- The paper introduces Pushdown Layers, an architectural innovation inspired by pushdown automata, to enable recursion handling in Transformer models.
- It integrates a stack-tape memory and attachment head to dynamically track token depths and build parse trees during language processing.
- Experimental results show that Pushdown Layers significantly improve syntactic generalization and sample efficiency on both synthetic and natural language datasets.
The paper "Pushdown Layers: Encoding Recursive Structure in Transformer LLMs" introduces a novel architectural feature for enhancing the handling of recursive structures in Transformer-based LMs. By incorporating pushdown automaton-inspired mechanisms, the proposed Pushdown Layers provide a memory augmentation strategy that maps structural manipulations in a LLM, thus enabling more efficient syntactic generalization.
Recursive State Modeling
Human languages exhibit recursive structures that are fundamental to syntactic constructs. While traditional neural sequence models like RNNs have explicit state-tracking to model recursion, Transformers rely on self-attention mechanisms without inherent state-memory capacities. This work integrates Pushdown Layers as a recursion-capable modification to Transformers. Pushdown Layers employ stack-tape memory to track token depths in parse trees, facilitating context-based recursive computations.
Figure 1: Pushdown Layers model recursive states using a stack-tape for token depth tracking, biasing attention towards recursive syntactic computations.
Implementation of Pushdown Layers
Architecture
Pushdown Layers act as a drop-in replacement for standard self-attention layers. They comprise:
- Stack Tape: This memory mechanism stores and updates token depths during parsing, simulating a pushdown automaton's operations.
- Attachment Head: Predicts attachment operations, influencing stack tape updates based on token predictions. Attachment decisions are modulated through self-attention to select parse constituents for combining new tokens.
Figure 2: Demonstration of parse building via stack-tape updates in Pushdown LMs, where attention mechanisms drive attachment decisions.
Computational Considerations
Integrating Pushdown Layers in a Transformer involves a shift from 2D matrix operations to 3D, slightly impacting memory but maintaining FLOP equivalence. The added memory footprint stems from storing depth-augmented key tensors for attention computations.
Training and Inference
Models utilize joint learning of word predictions and attachment operations during training, paralleling standard LMs in data processing.

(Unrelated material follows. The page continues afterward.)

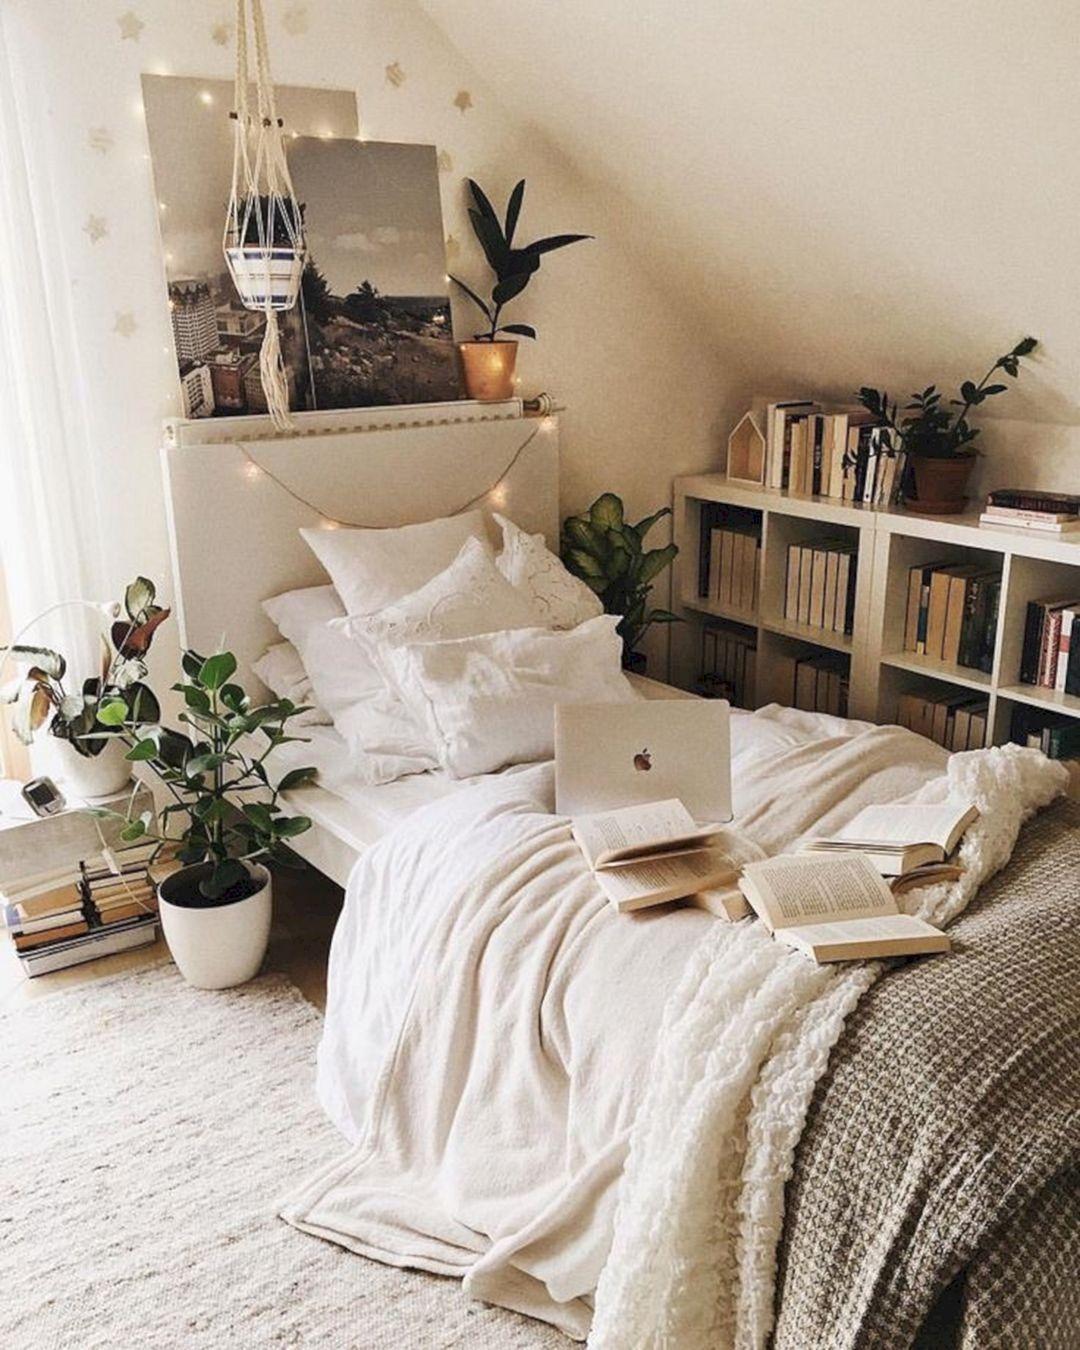 14 Super Cozy Bedroom Decoration Ideas For Best Inspiration Dexorate Cozy Small Bedrooms Small Room Bedroom Bedroom Decor
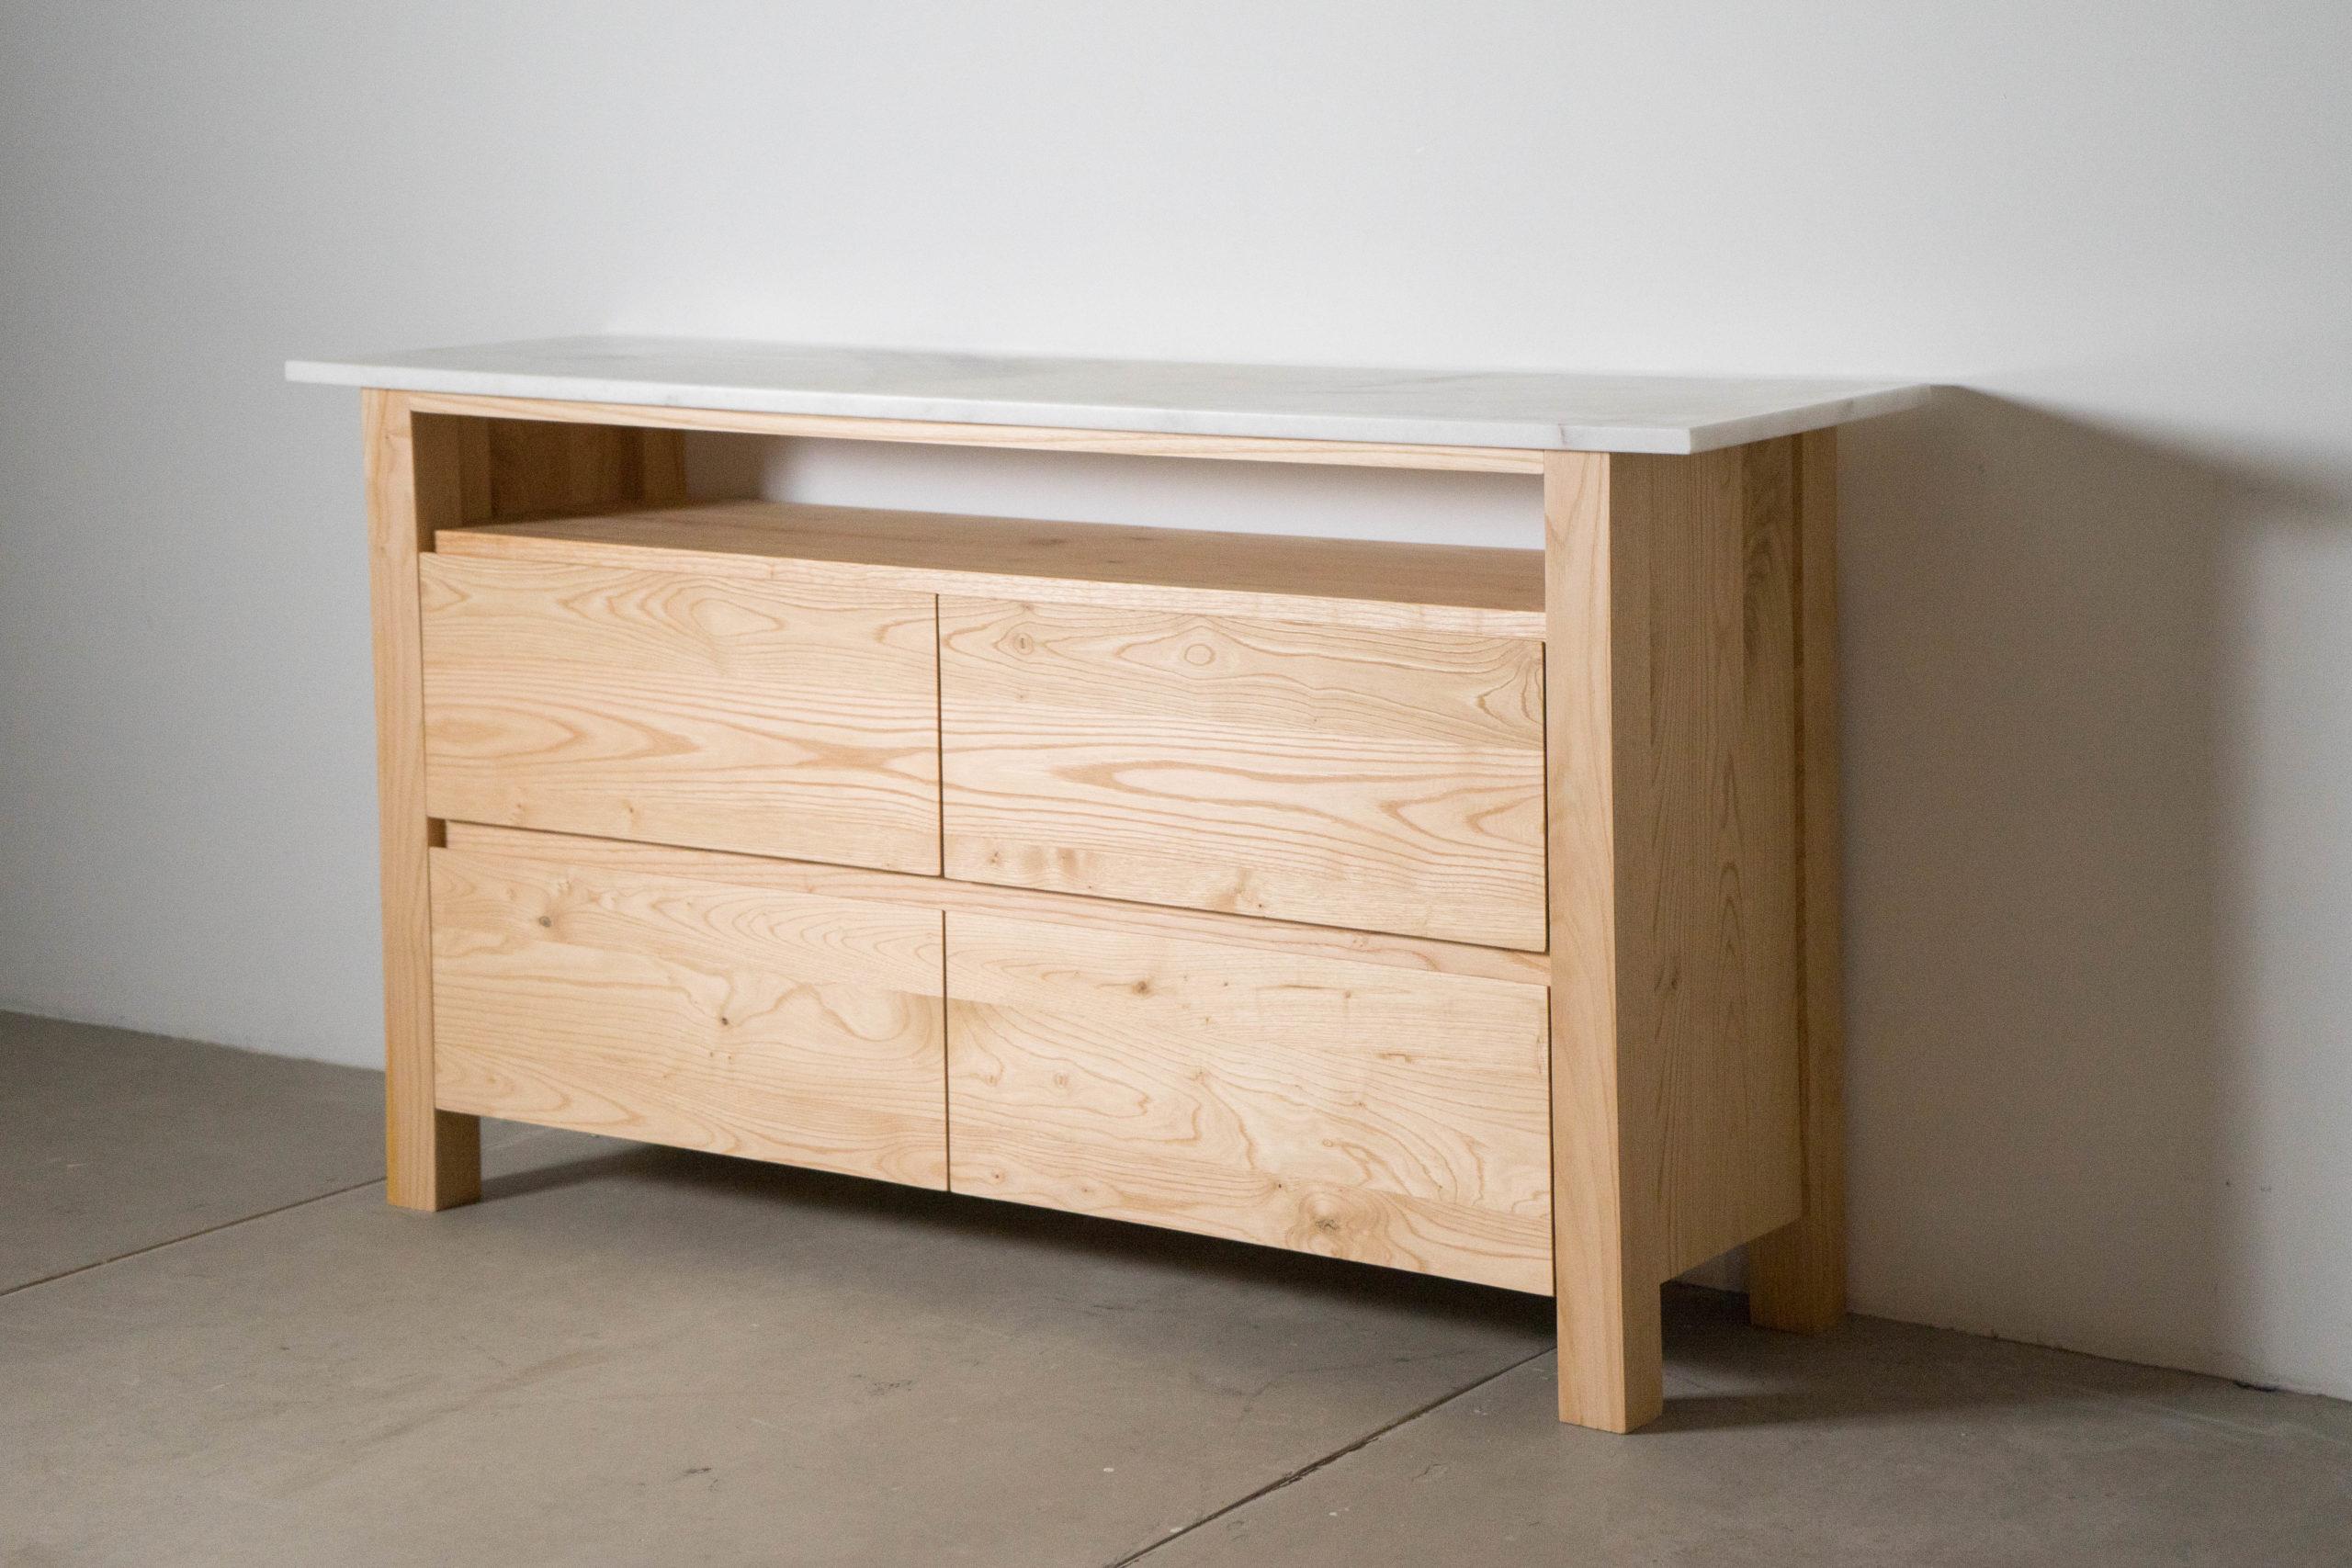 mueble de madera maciza castaño

During inference, structures are updated dynamically, employing beam search to navigate the combinatorial parsing possibilities and generate parse trees.
Experimentation and Results
Synthetic and Natural Language Evaluation
Experiments encompassed formal languages like Dyck and real language datasets, such as BLLIP-lg and a novel "WikiTrees" corpus. Pushdown Layers demonstrated superior generalization on recursive structures with significantly reduced data requirements compared to baseline LMs.
Sample Efficiency
Pushdown LMs exhibited a dramatic reduction in data dependency for syntactic generalization. For instance, syntactic abilities of Pushdown-LMs were achieved with considerably lesser training examples compared to standard LMs.
Figure 3: Pushdown Layers improve sample efficiency in syntactic generalization over multiple datasets.
Syntactic Language Modeling
The paper measured syntactic generalization through controlled experiments on tasks like subject-verb agreement, showing Pushdown-LMs outperform standard models significantly, particularly in confounding contexts.

Figure 4: Attention maps show Pushdown-LM's focus shift away from distractor nouns to maintain subject-verb agreement.
Implications and Future Work
Pushdown Layers represent a step toward embedding explicit structural biases within neural LMs, targeting recursive phenomena. This development has the potential to expand syntactic learning in low-resource scenarios, augment semantic parsing in NLP applications, and provide a template for extending formal language understanding capacities in neural architectures.
Upcoming directions include exploring unsupervised structural bias learning, extending syntactic scaffolds to domains beyond natural language, and integrating non-constituency parsing like dependency structures into the framework.
Conclusion
Pushdown Layers enhance Transformer LMs by embedding recursive structure processing capabilities, achieving syntactic generalization and syntactic memory efficiency. Through this approach, the paper expands the applicability and robustness of Transformers in modeling linguistically-intricate data.